Мы движемся трансектами по бухте Авекова в вершине Гижигинской губы, сворачивая то влево, то вправо, зигзагом через скопление белух. Я и мои коллеги по этой экспедиции – Ольга Шпак из Института проблем экологии и эволюции имени Северцова и ее партнер Алексей Парамонов – упорно считаем белух, то прикладываясь к биноклю, то просто осматриваясь. Белушьему полю не видно конца и края – похоже, они равномерно распределены по всей вершине бухты от берега до берега.
Краем глаза замечаю, что неподалеку плывет какое-то бревно. Вообще говоря, в плавающих бревнах в этой местности нет ничего необычного – на берегу лиственница во многих местах теснит голую тундру. Но это бревно какой-то странной формы, больше похожее на торчащий из воды камень, – я даже начинаю приглядываться к нему, прикидывая, откуда здесь, посреди бухты, могут взяться подводные рифы. В этот момент камень-бревно бесшумно погружается под воду.
Я чувствую себя как Фродо на Андуине, когда он заметил бревно с глазами и гребущими лапами. Скосив глаза на коллег, вижу, что Ольга тоже пристально смотрит в то место, где утонуло бревно. В этот момент оно снова бесшумно появляется на поверхности.
– Ребята, это же гренландец! – говорит Ольга таким тоном, словно сама себе не верит.
Я тоже не верю. Весь мой многолетний опыт работы указывает на то, что киты дышат воздухом, а это плавучее недоразумение даже не делает попыток выдохнуть и вдохнуть. И тут до нас доносится легкий, чуть слышный «пых», как будто кто-то попытался выдохнуть шепотом. Даже морские свиньи дышат громче. Тут уже у Шпак не остается никаких сомнений.
– Гренландец! Леша, спускаем лодку! – решительно командует она.
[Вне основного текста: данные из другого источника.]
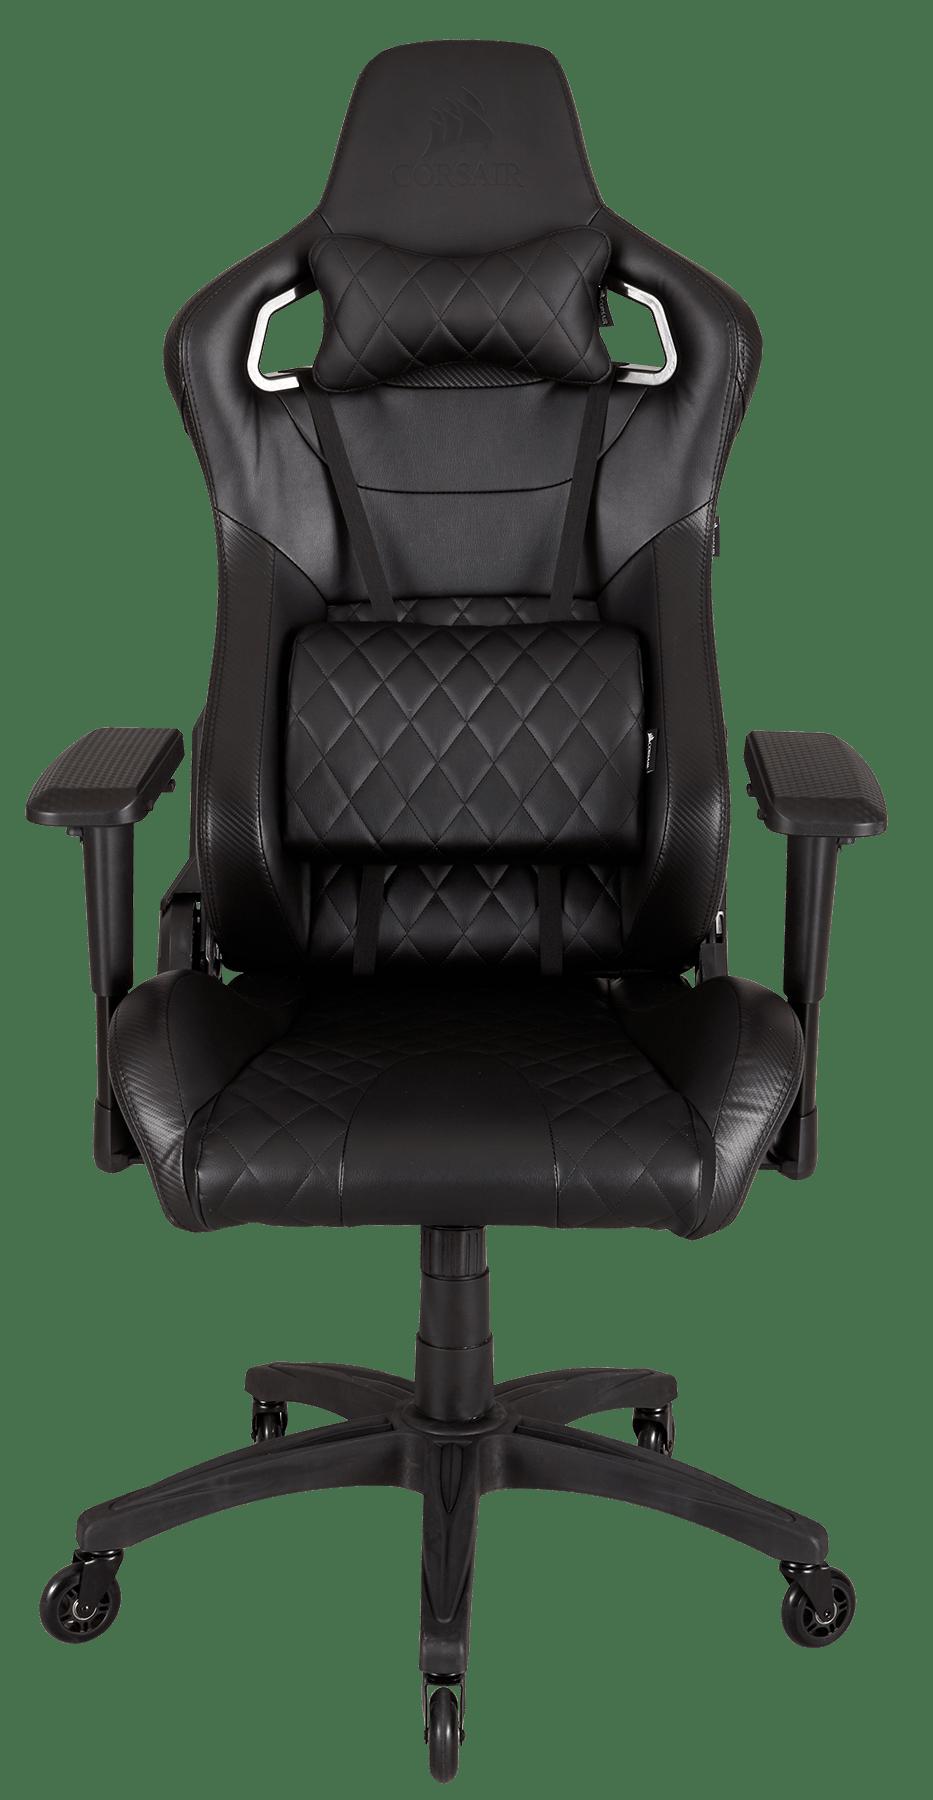 office chair kota kinabalu inexpensive beach chairs corsair t1 race gaming high back desk and media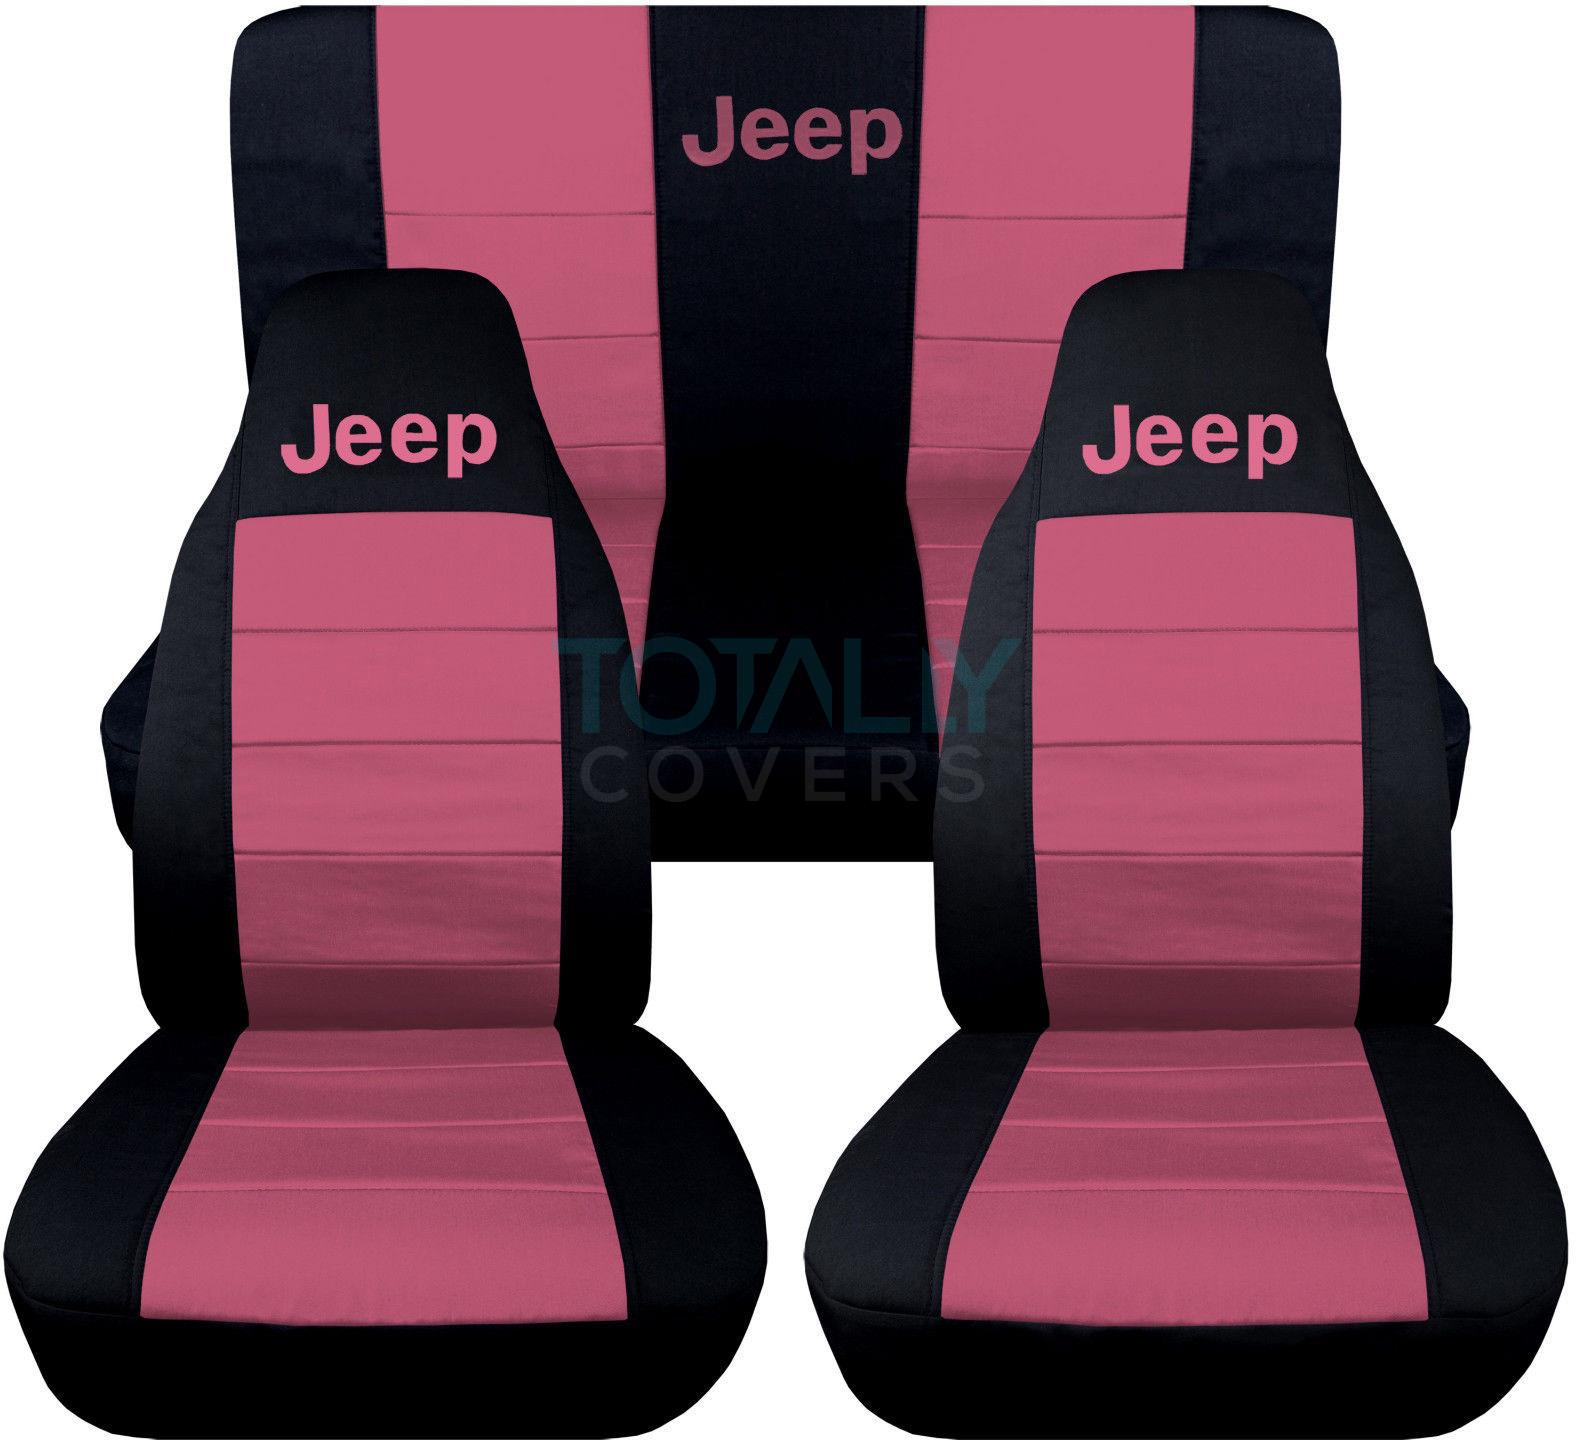 Jeep Wrangler YJ TJ JK 1987 2017 2 Tone Seat Covers W Logo

Гренландские киты – один из ее любимых объектов исследования. Возможно, даже самый любимый, хотя я никогда не спрашивала ее, кто ей больше нравится – белухи или гренландцы. Но белухи – это обычный массовый вид, а вот популяция гренландских китов Охотского моря – исчезающая. Ольга много работала с ними в западной части моря, в Шантарском регионе, где располагается район ее ежегодных исследований. А вот здесь, в Гижигинской губе, на севере Охотского моря, гренландцев еще никто прицельно не изучал, и есть лишь случайные свидетельства их присутствия в этом районе.